Lab Assignment 3 - Pipes

Deadlines

  • Tell me partners: due Wednesday, January 31st, at 10:00pm

  • Design document: due Thursday, February 1st, at 10:00pm (post on a “design pod” channel on Slack)

  • Peer feedback: due Tuesday, February 6th, at 10:00pm (again as a post on Slack)

  • Lab #2 retrospective: due Tuesday, February 6th, at 10:00pm (on Gradescope)

  • Code implementation: due Monday, February 12th, at 10:00pm (on Gradescope)

Introduction

A pipe is a sequential communication channel between two endpoints, supporting writes on one end, and reads on the other.
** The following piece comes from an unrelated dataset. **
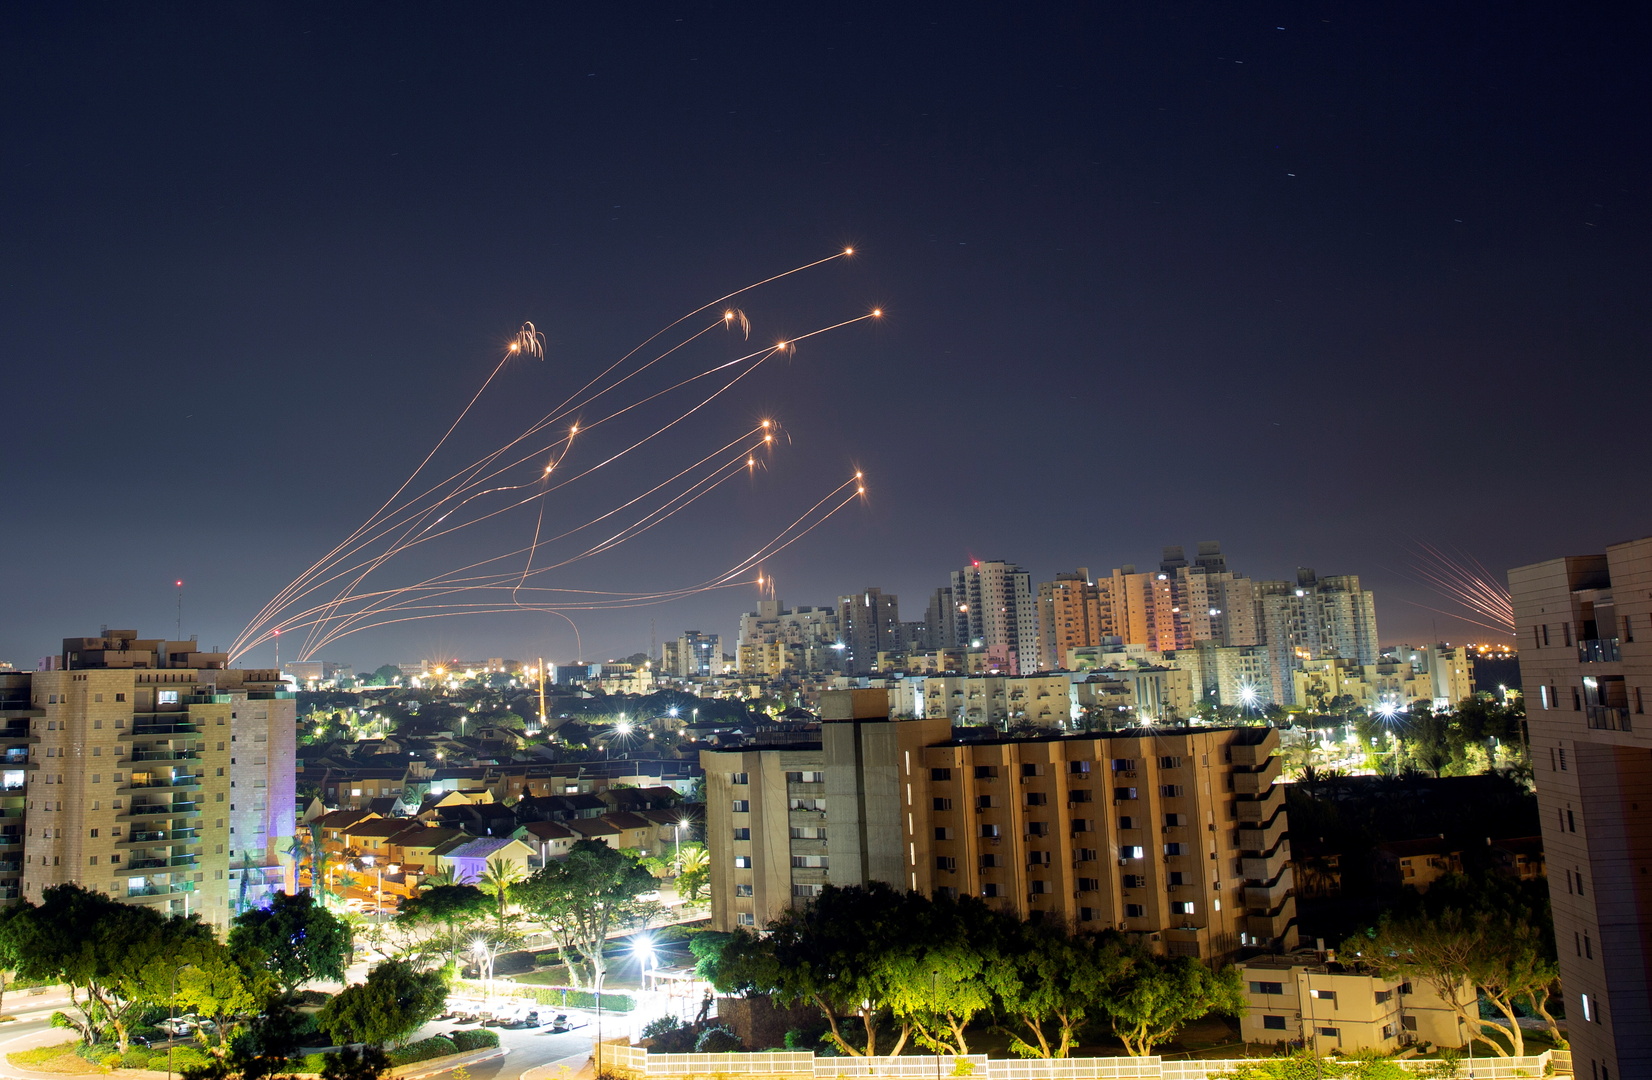 الجيش الإسرائيلي: 2300 صاروخ أطلقت من قطاع غزة نحو إسرائيل خلال 6 أيام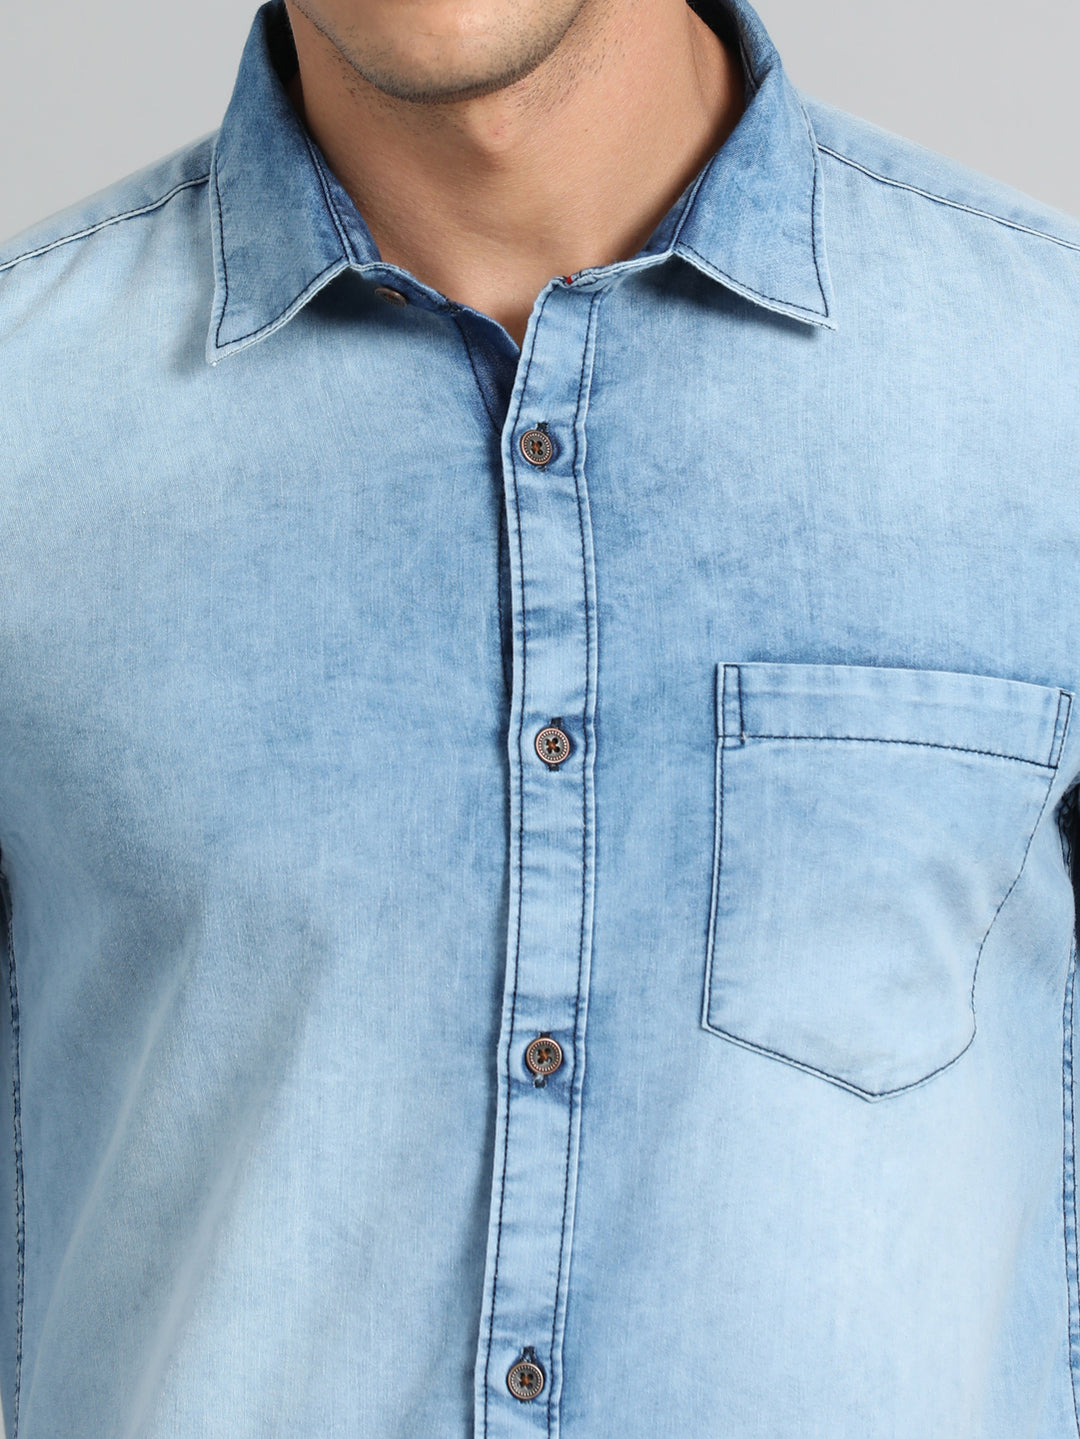 Slate Blue Denim Shirt Solid Shirt Bushirt

Reads and writes are asynchronous and buffered, up to some internally defined size.

The OS kernel allocates and manages this buffer:

  • A user process calling read on the read end of a pipe will block (e.g., it does not immediately return, like we saw with waiting on condition variables and acquiring locks) until there are bytes to read (read is allowed to do a partial read, meaning it returns having read fewer bytes than the user requested).
  • A user process calling write on the write end of a pipe will block if there is no more room in the internal buffer.

Pipes are a simple way to support interprocess communication, especially between processes started by fork.

Goals

Your task is to implement the UNIX-based system call for pipe. This opens two file descriptors and maintains a connection between them (BBQ, anyone?) to enable inter-process communication.

Collaboration policy

For this and most other assignments, you are encouraged to talk at a high level with your classmates. However, any low-level discussions (e.g., that involve actual code instead of ideas) should be with at most one other student in the class.

See our class collaboration policy for more information.

Lab Assignment #2 retrospective

Instead of doing quite so much peer review for this lab, you’ll spend some of that time reflecting on how Lab #2 went. Your goal is to generate ~2 paragraphs answering the following questions:

  • What went well?
  • What really didn’t go well?
  • What are some things that took more time than you expected?
  • What, if anything, went better than you expected?
  • Did you follow your implementation plan from your design? If not, what steps did you end up tackling earlier?
  • If you could tell students in future offerings of this course something to help them with this lab, what would you tell them?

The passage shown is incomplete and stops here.